Não me lembro da UTI, pois a última vez que fiquei eu era uma bebê e só a minha mãe poderia escrever exatamente como foi ao me ver lá. Então era tudo novo pra mim, acreditava que eu poderia me levantar para ir ao banheiro, essas coisas que normalmente fazemos quando estamos nos sentindo bem e eu estava melhor, sem dores e sem falta de ar, apesar do diagnóstico grave.

Meu marido ficou comigo este tempo até a conexão dos cabos e logo o técnico informou que ele precisaria se retirar, informando os dois únicos horários por dia para visita. Ele se despediu com um beijinho e foi a caminho da porta de saída e me pus a chorar quando ele olhou pra trás pela última vez naquela noite.
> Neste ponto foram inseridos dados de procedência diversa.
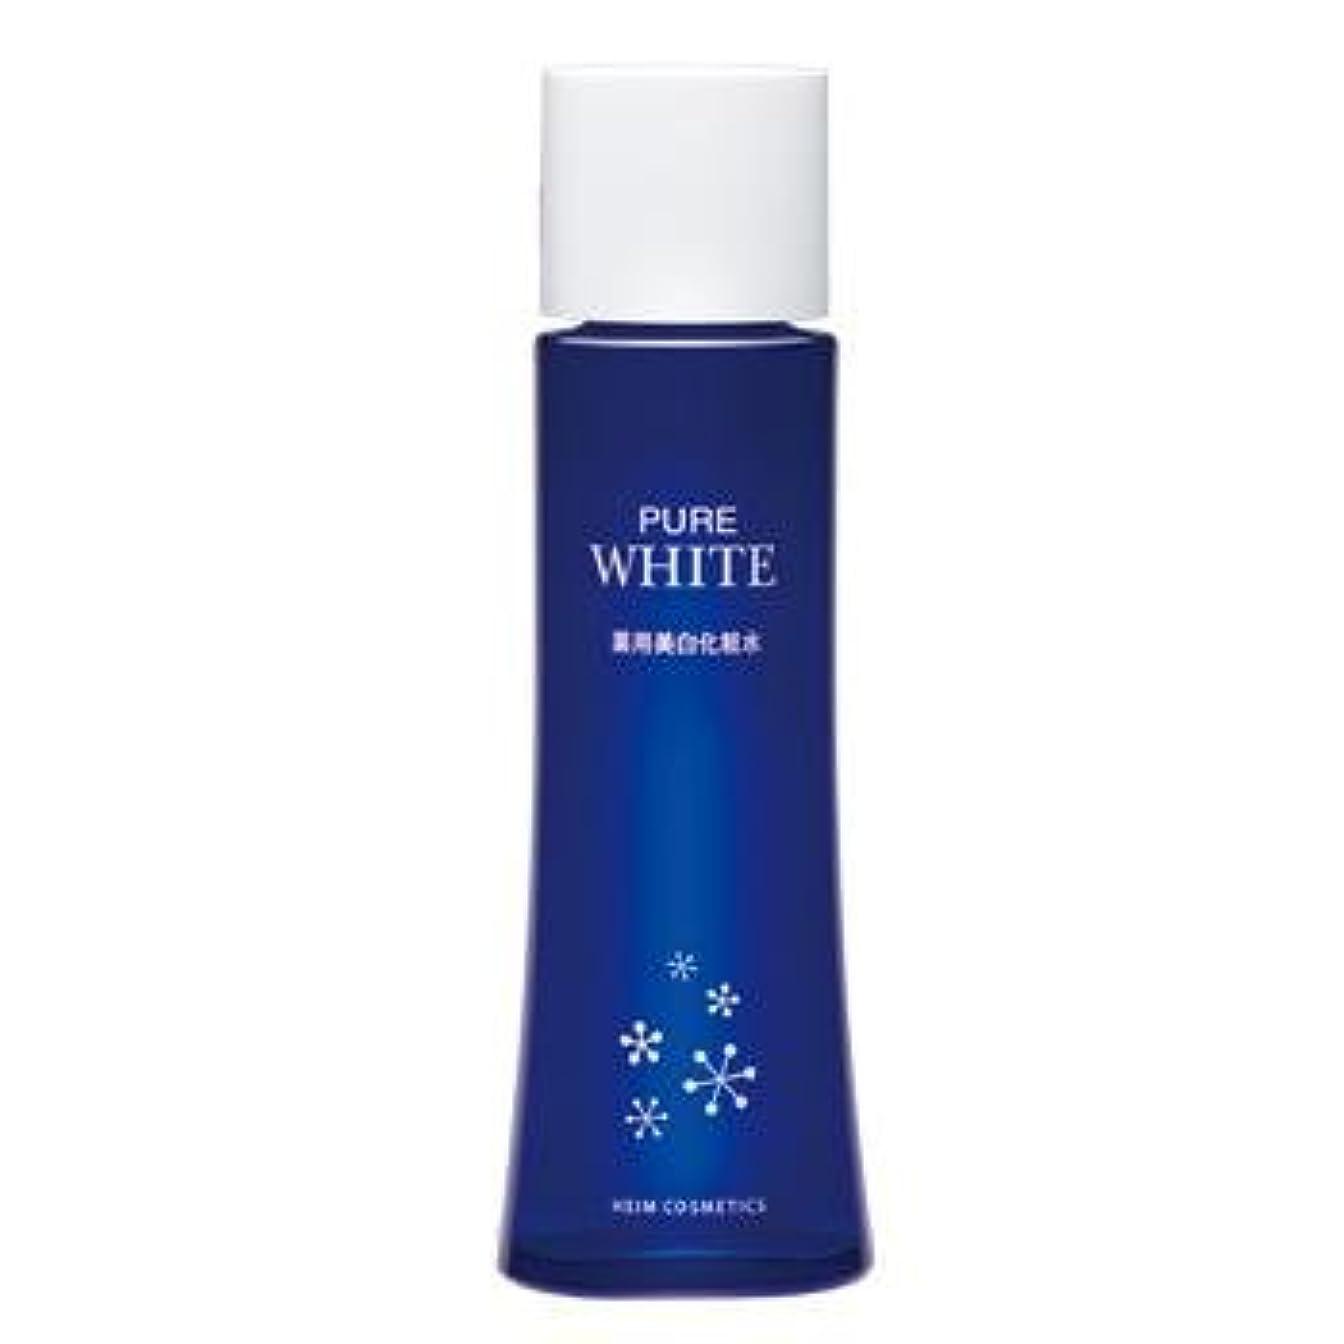 先のことを考えるきらめくの配列ハイム化粧品/薬用ピュアホワイト/化粧水(しっとり)【乾燥しやすい肌に美白とうるおいを】

Agora estava só novamente, chorei pensando nos meus filhos, no meu marido, na minha família, como tudo era bom, não sabia o que aconteceria comigo e pedi a Deus para que me deixasse viver, me desce uma nova chance, mas também pedi para que ele fizesse a sua vontade independente da minha, pois sabia que aquele estado em que me encontrava foi consequência de uma escolha errada que eu mesma fiz. Como pude desobedecer a Deus e não ouvir a igreja sobre os anticoncepcionais? Como pude, eu católica e ainda por cima catequista ter seguido o caminho contrário, me fechando a vida e agora estava ali a beira da morte? Pedi perdão!
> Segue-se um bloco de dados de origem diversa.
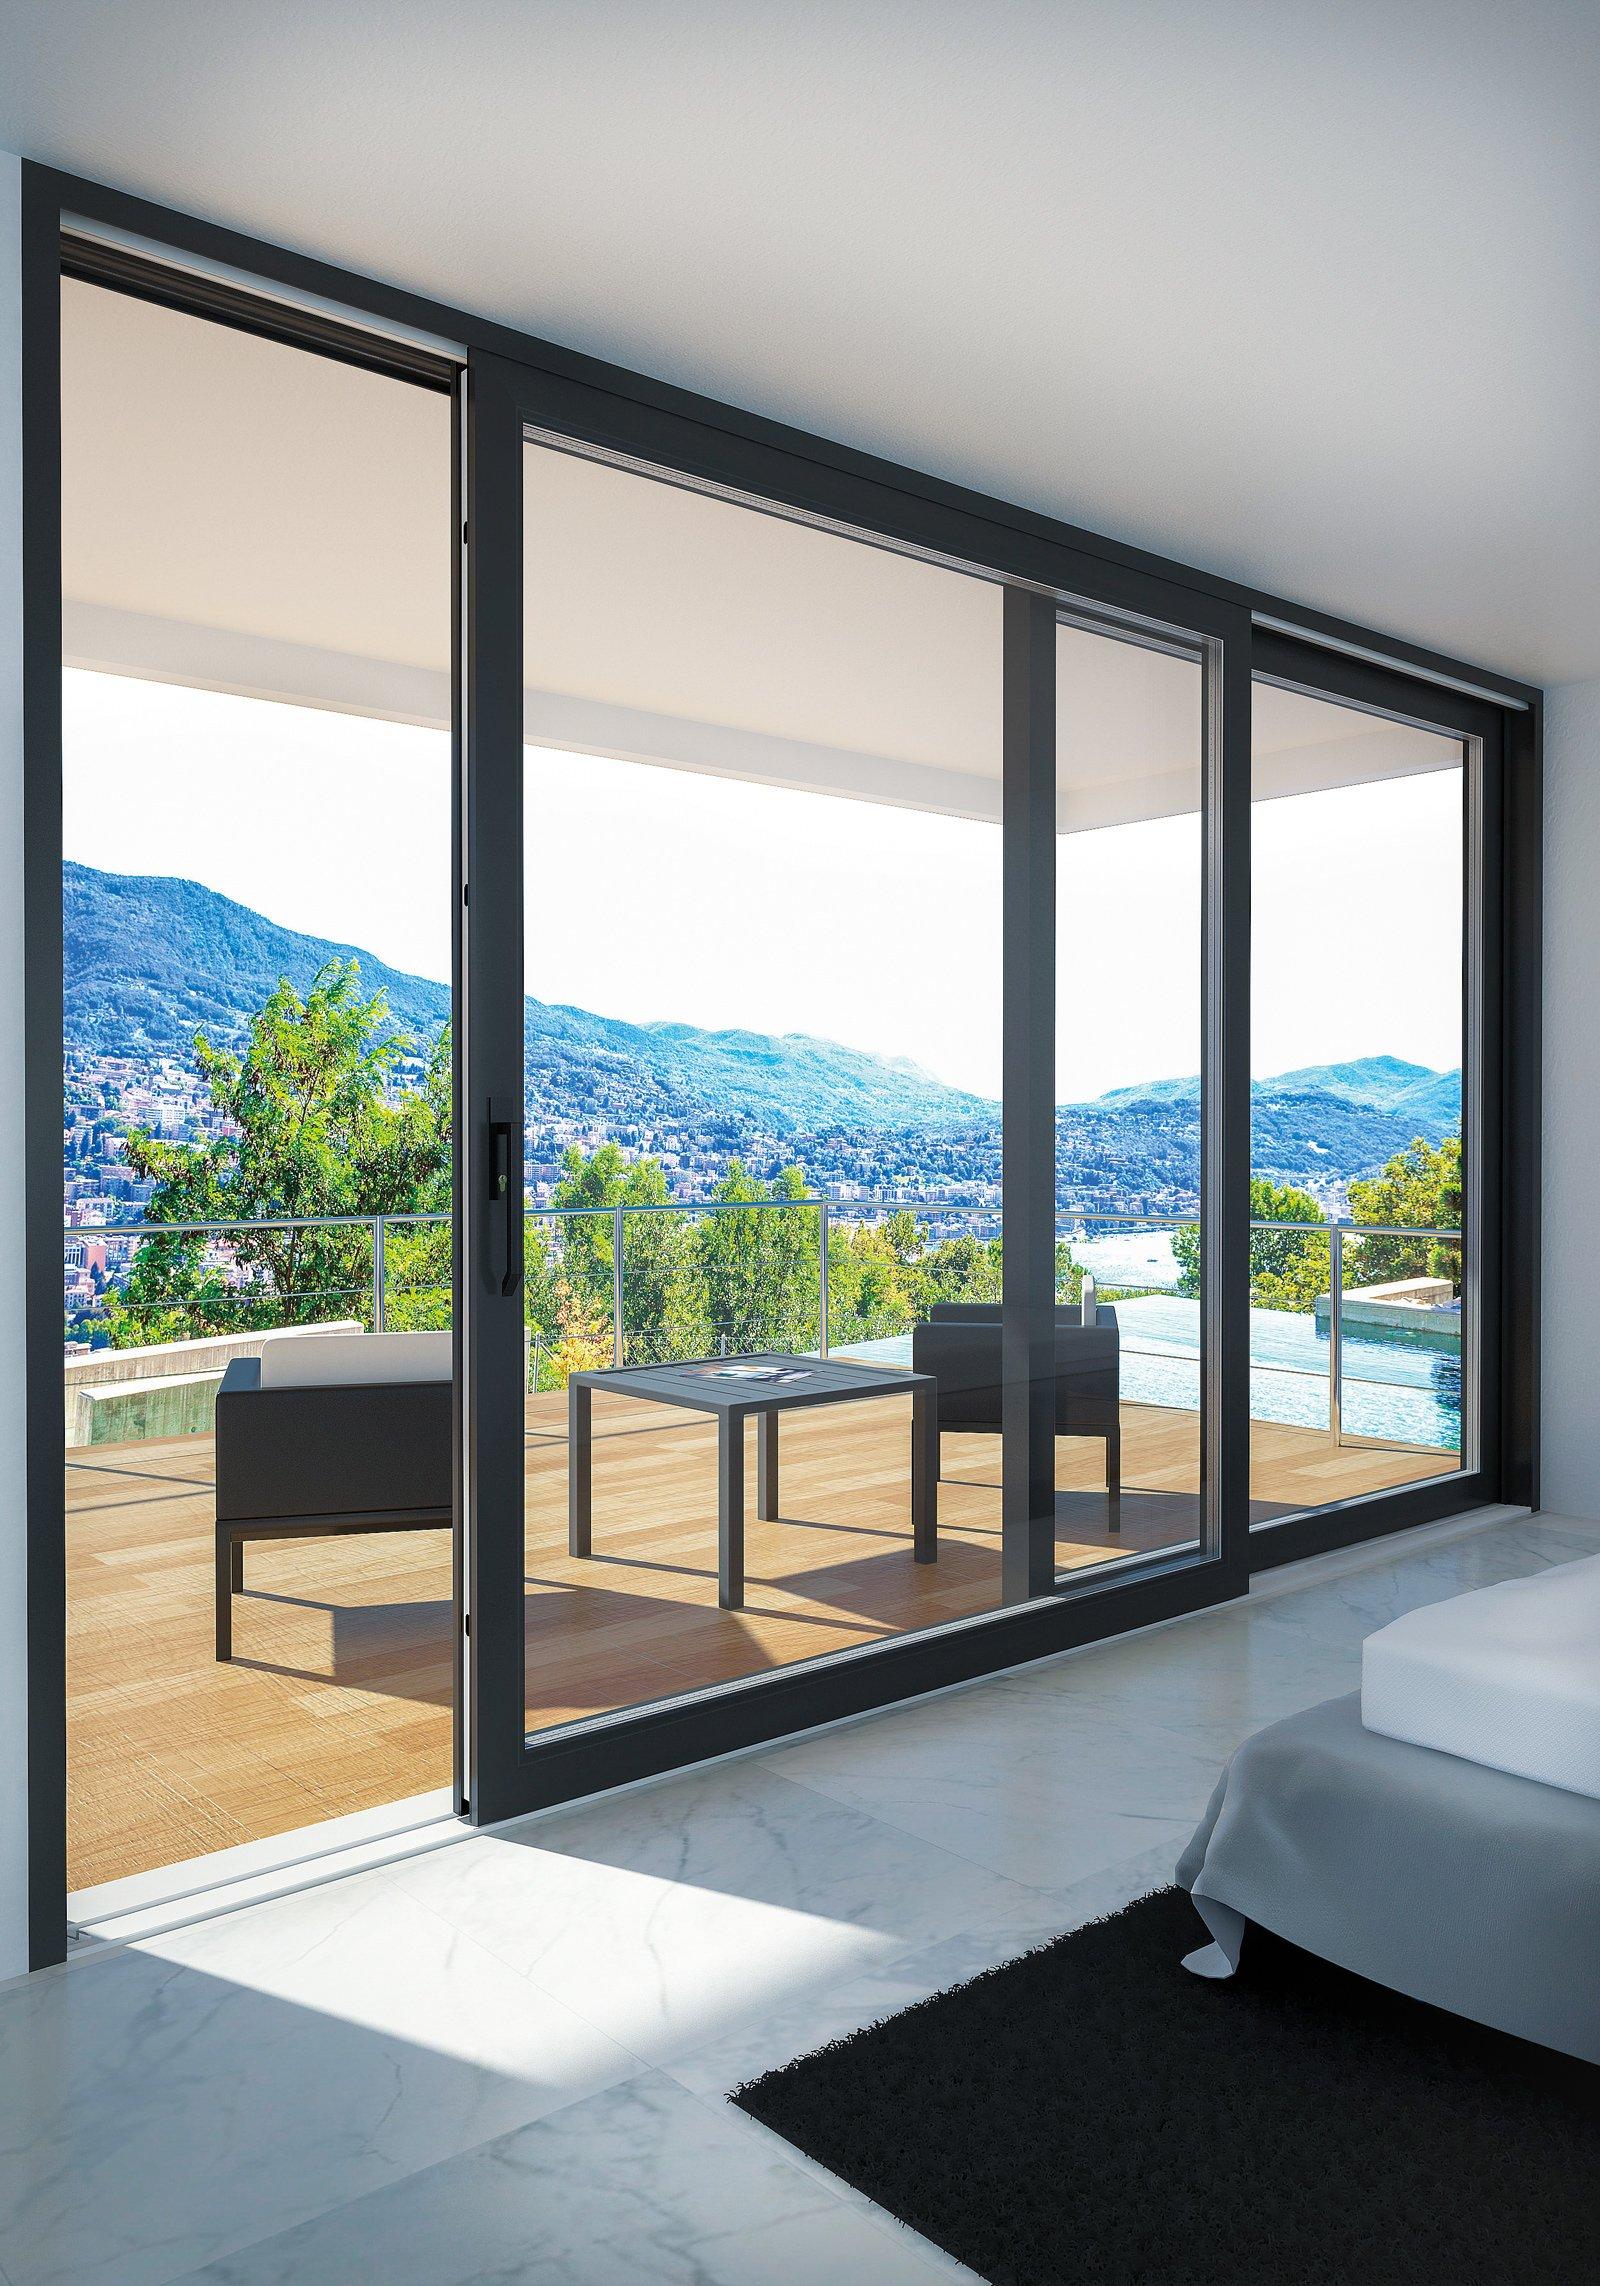 Portefinestre scorrevoli le performance di alzanti e traslanti cose di casa - Altezza porta finestra ...

Naquele momento entreguei tudo o que eu tinha à Deus, o meu corpo e a minha alma para que ele agisse da maneira que quisesse e após esta entrega me senti leve e em paz. O medo se esvarou assim como as minhas lágrimas.

Deus foi tão bom comigo que a única dor terrível que senti durante a minha estadia na UTI foi um novo exame de sangue que tinha que ser realizado novamente por meio da minha artéria no pulso esquerdo e que foi feito com dificuldade. Após choro e tremores, o médico da UTI foi ao meu leito para verificar o meu estado.
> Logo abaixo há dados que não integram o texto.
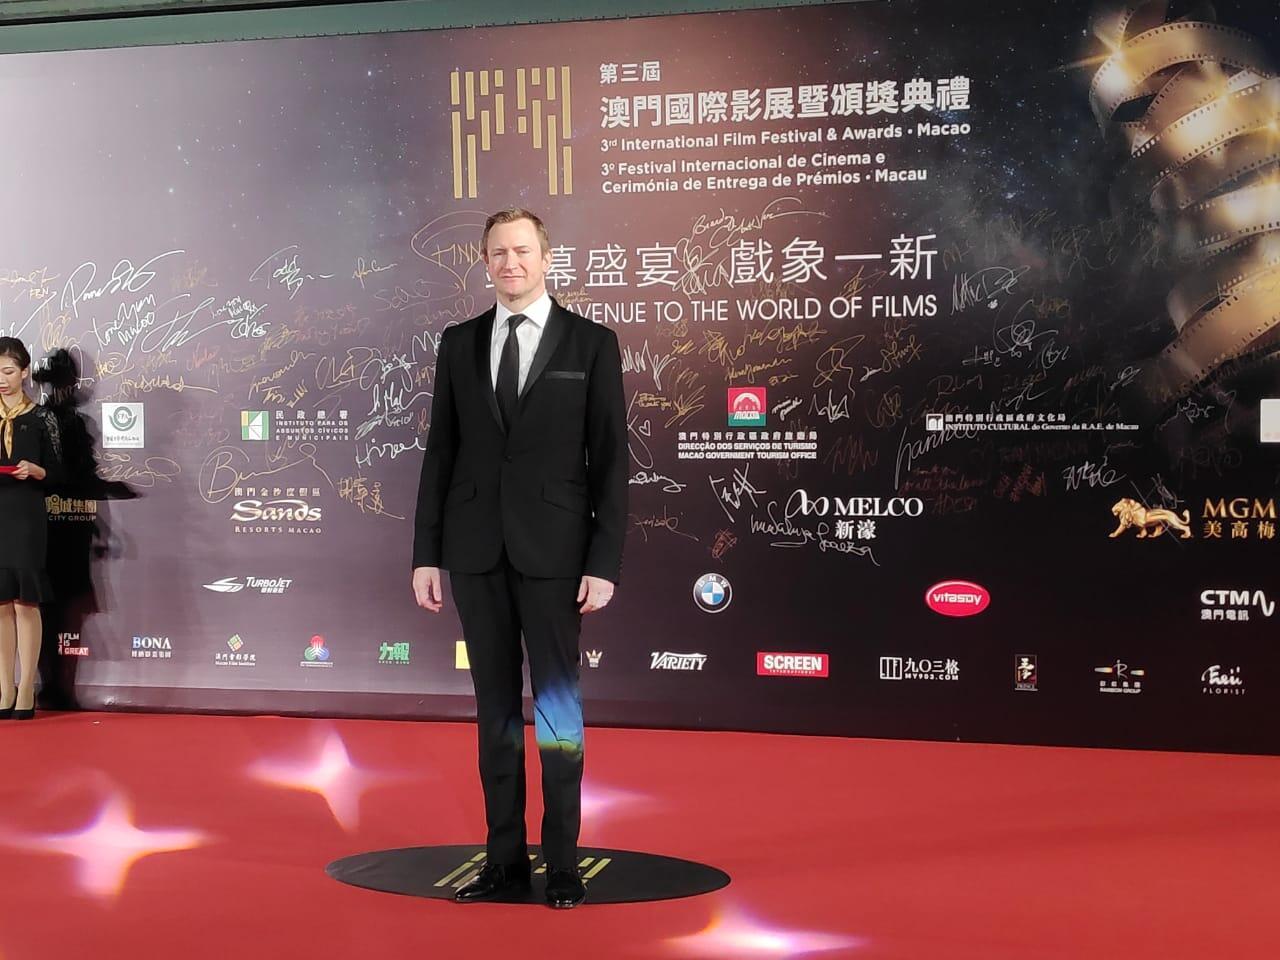 Deretan Artis Turut Meriahkan Red Carpet Closing Ceremony IFFAM 2018

Este mesmo médico no dia seguinte foi conversar comigo junto ao técnico de enfermagem que me acompanhava e perguntou o que eu sentia antes de ir para o hospital. Expliquei e ele comentou que o meu diagnóstico foi um ACHADO! Disse que infelizmente entra na UTI vários casos de embolia pulmonar, AVC e infarto ocasionados pelo uso de anticoncepcionais, que no último ano foram por volta de 30 casos só naquele hospital. Quando ele afirmou isso, perguntei por que ninguém faz nada para impedir que novos casos aconteçam, porque nunca sai nada na mídia e o governo? Ele simplesmente fez um gesto de negação com a cabeça e olhou para o chão com um olhar perdido.

Foram três dias que demoraram muito para passar, no terceiro dia saiu os resultados dos meus exames, os exames genéticos que eu ainda não conhecia muito bem, mas eram fundamentais para saber se eu corria risco de ter novos trombos e assim agravar o quadro. O médico da UTI informou que todos deram negativos, meu estado era bom e que já poderia ter alta para que o tratamento fosse continuado ainda no hospital, porém no quarto. Fiquei muito feliz, se sairia da UTI é porque tudo estava caminhando bem.

Consegui permissão então para levantar e pude tomar banho. Fui com auxilio, tudo conforme os padrões, deu tudo certo e no final da tarde tive novamente a alegria da visita do meu marido, que esteve presente em todas elas, fez questão de estar ali para ver como eu estava, o que aconteceria e conversar comigo, além da visita da minha mãe querida que esteve junto com ele no segundo dia e nos demais ficou cuidando dos nossos filhos pra gente.

Meu marido maravilhoso e companheiro me acompanhou durante a alta e fiquei muito feliz em sair por aquela porta com ele! Eu na cadeira de rodas e ele caminhando, pedi para ir andando, mas não deixaram. Aliviada, queria ver meus filhos! Agradecia a cada suspiro à Deus por minha vida, pelo meu marido e por minha família!